You should do this:

initialize newstr to c, and then

for x in c.lower():
    if x in vowels:
        newstr = newstr.replace(x, "")

That's because str.replace(old, new[, max]) returns the a copy of the string after replacing the characters:

The method replace() returns a copy of the string in which the occurrences of old have been replaced with new, optionally restricting the number of replacements to max.
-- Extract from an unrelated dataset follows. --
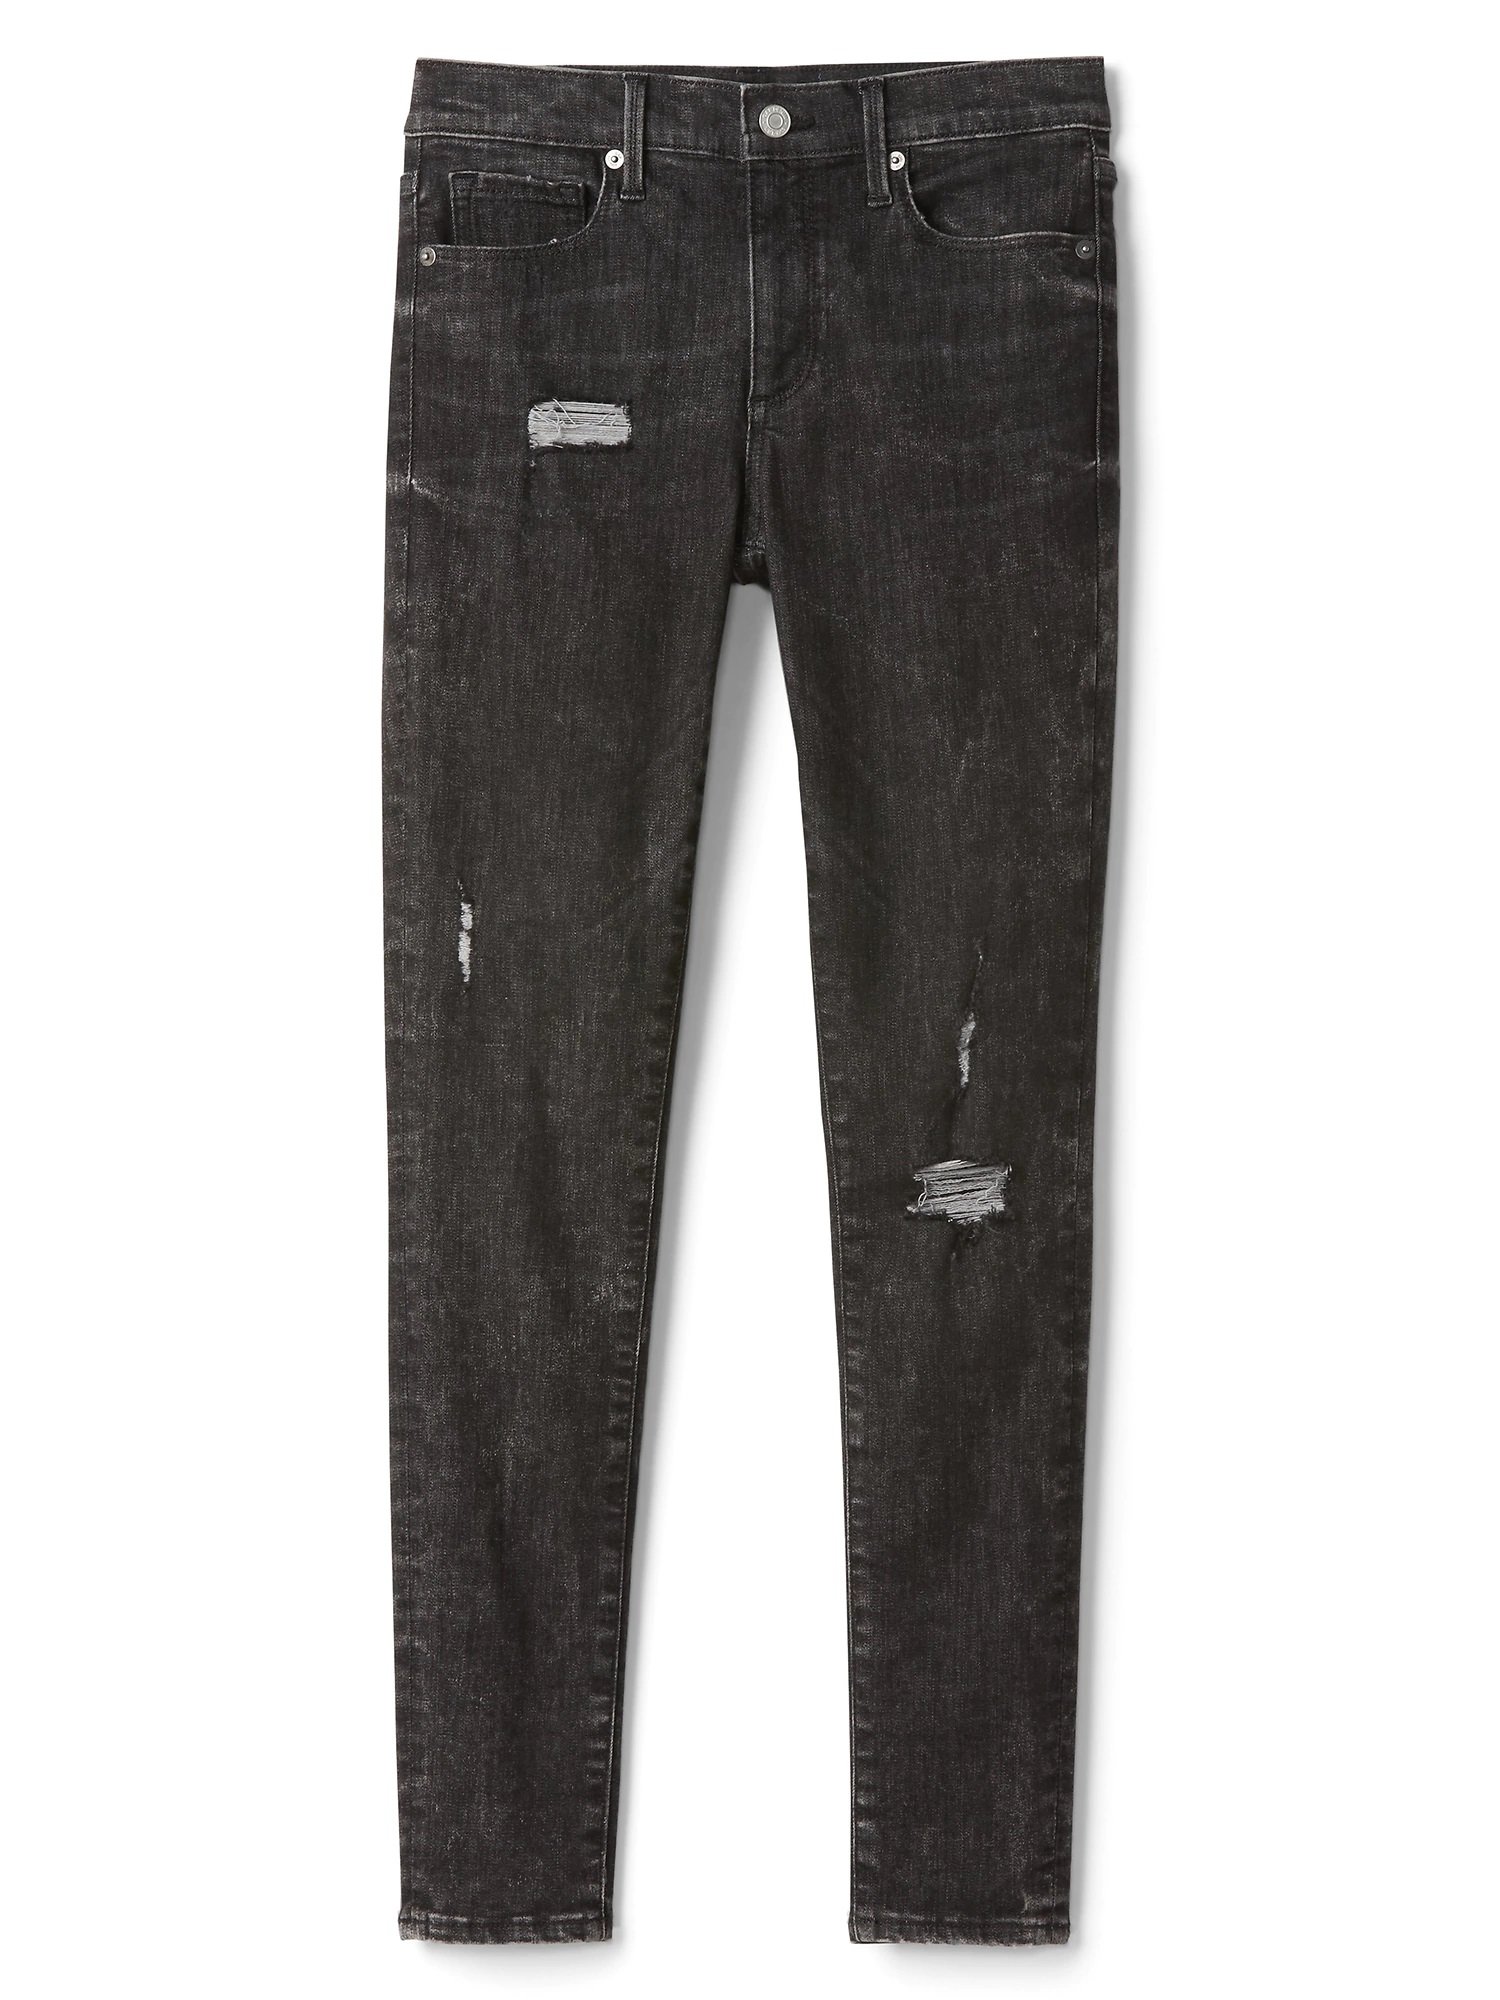 Orta belli Sculpt true skinny jean pantolon product image
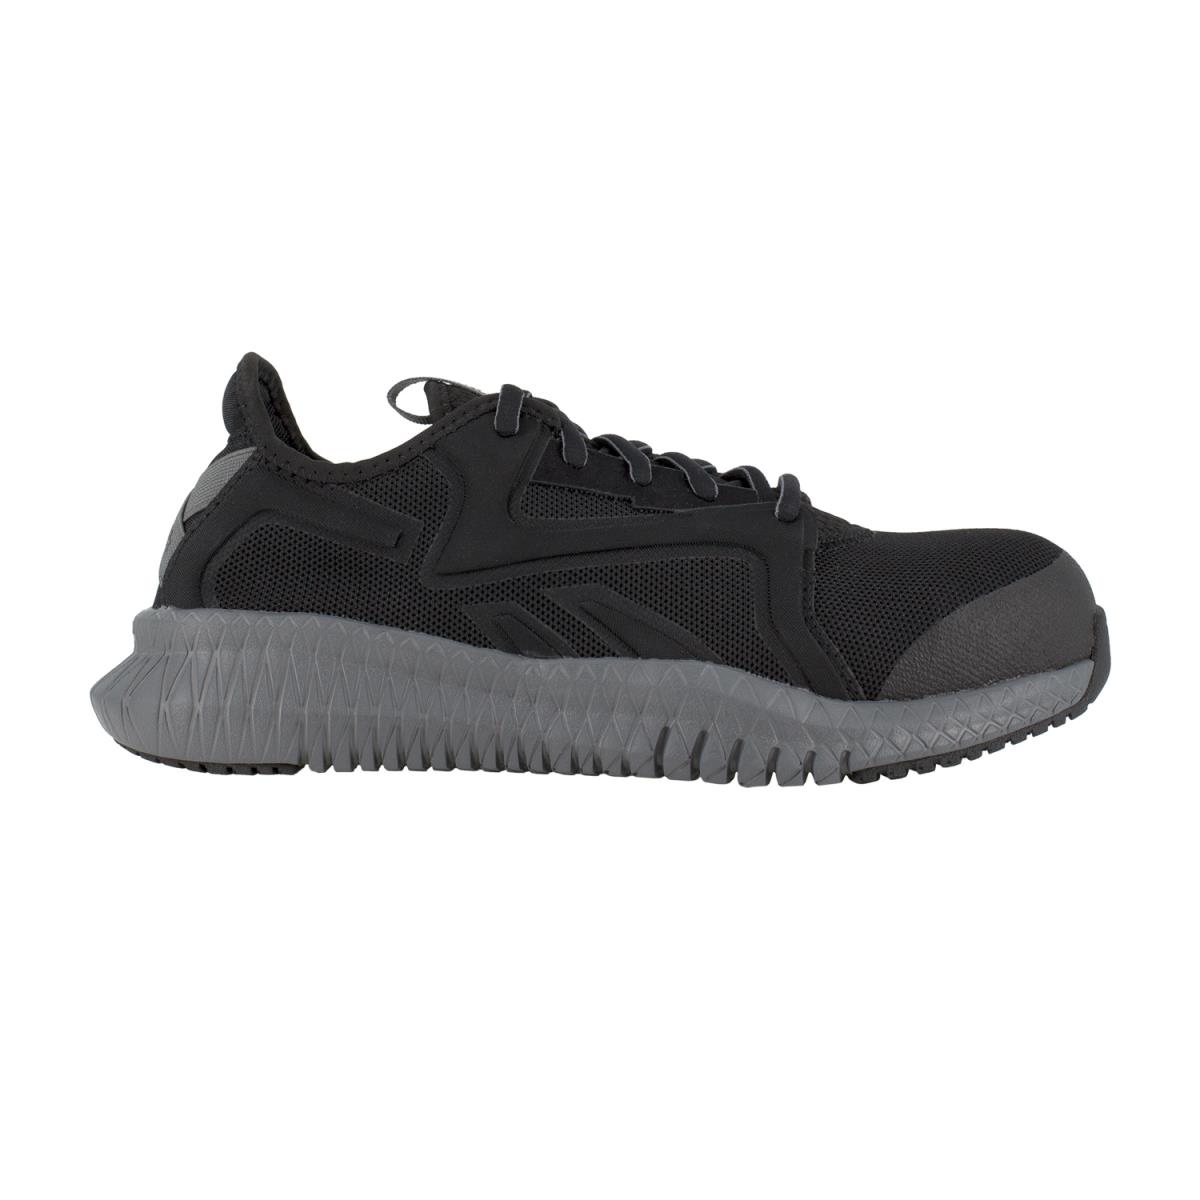 Reebok Womens Black/grey Nylon Work Shoes Flexagon 3.0 CT M

So, this is the correct code:

def anti_vowel(c):
    newstr = c
    vowels = ('a', 'e', 'i', 'o', 'u')
    for x in c.lower():
        if x in vowels:
            newstr = newstr.replace(x,"")

    return newstr

You can also do it in a more pythonic way:

''.join([x for x in c if x not in vowels])

My implementation:

# Ask the user for input:
user_input = input("enter a string with some vowels: ")
print("input string: " + str(user_input))
vowels = ('a','e','i','o','u','A','E','I','O','U')
new_string="";
for i in range(0,len(user_input),1):
    if user_input[i] in vowels:
        print ('found a vowel, removing...')
    else:
        new_string+=user_input[i]
print("I've removed the vowels for you. You're welcome! The new string is: " + new_string)

def anti_vowel(text):
  new_text = ""
  for i in text:
    if i == 'a' or i == 'A':
      pass
    elif i == 'e' or i == 'E':
      pass
    elif i == 'I' or i == 'i':
      pass
    elif i == 'o' or i == 'O':
      pass
    elif i == 'u' or i == 'U':
      pass
    else:
      new_text = new_text + i
  return new_text

print anti_vowel('Hey look Words!')

Another option is to forego the vowel variable and put the char's to remove in the loop.

    def anti_vowel(text):
        for i in "aeiouAEIOU":
            text = text.replace(i,"")
        return text

    print anti_vowel("HappIEAOy")

I know there are many correct solutions on this subject but I thought to add few fun ways of solving this problem. If you come from a C++/C# or Java, you will tend to use something like compare then action using the index to remove the unwanted entry in a for loop. Python has the Remove and Del functions. Remove function uses the value and del uses the index.The pythonic solution is in the last function. Lets see how we can do that:

Here we are using the index in a for loop and del function very similar in C++:

def remove_vol(str1):
     #list2 = list1 # this won't work bc list1 is the same as list2 meaning same container#
    list1 = list(str1)
    list2 = list(str1)
    for i in range(len(list1)):
        if list1[i] in volwes:
            vol = list1[i]
            x = list2.index(vol)
            del list2[x]
    print(list2)

Using the remove function:

def remove_vol(str1): 
      list1 = list(str1)
      list2 = list(str1)
      for i in list1:
          if i in volwes:
              list2.remove(i)
      print(list2)

Building new string that does not contain the unwanted chars using their indexes:

def remove_vol(str1):  
    list1 = list(str1)
    clean_str = ''
    for i in range(len(list1)):
        if list1[i] not in volwes:
            clean_str += ''.join(list1[i])
    print(clean_str)

Same as in the solution in above but using the value:

def remove_vol(str1):
    list1 = list(str1)
    clean_str = ''
    for i in list1:
        if i not in volwes:
            clean_str += ''.join(i)
    print(clean_str)

How you should do it in python? Using list comprehension! It is beautiful:

def remove_vol(list1):
    clean_str = ''.join([x for x in list1 if x.lower() not in volwes])
    print(clean_str)

Why don't you do it with regexp? According to the documentation, something like this should work:

import re

def anti_vowel(s):
    result = re.sub(r'[AEIOU]', '', s, flags=re.IGNORECASE)
    return result

If you're using the function often, you could compile the regexp and use the compiled version.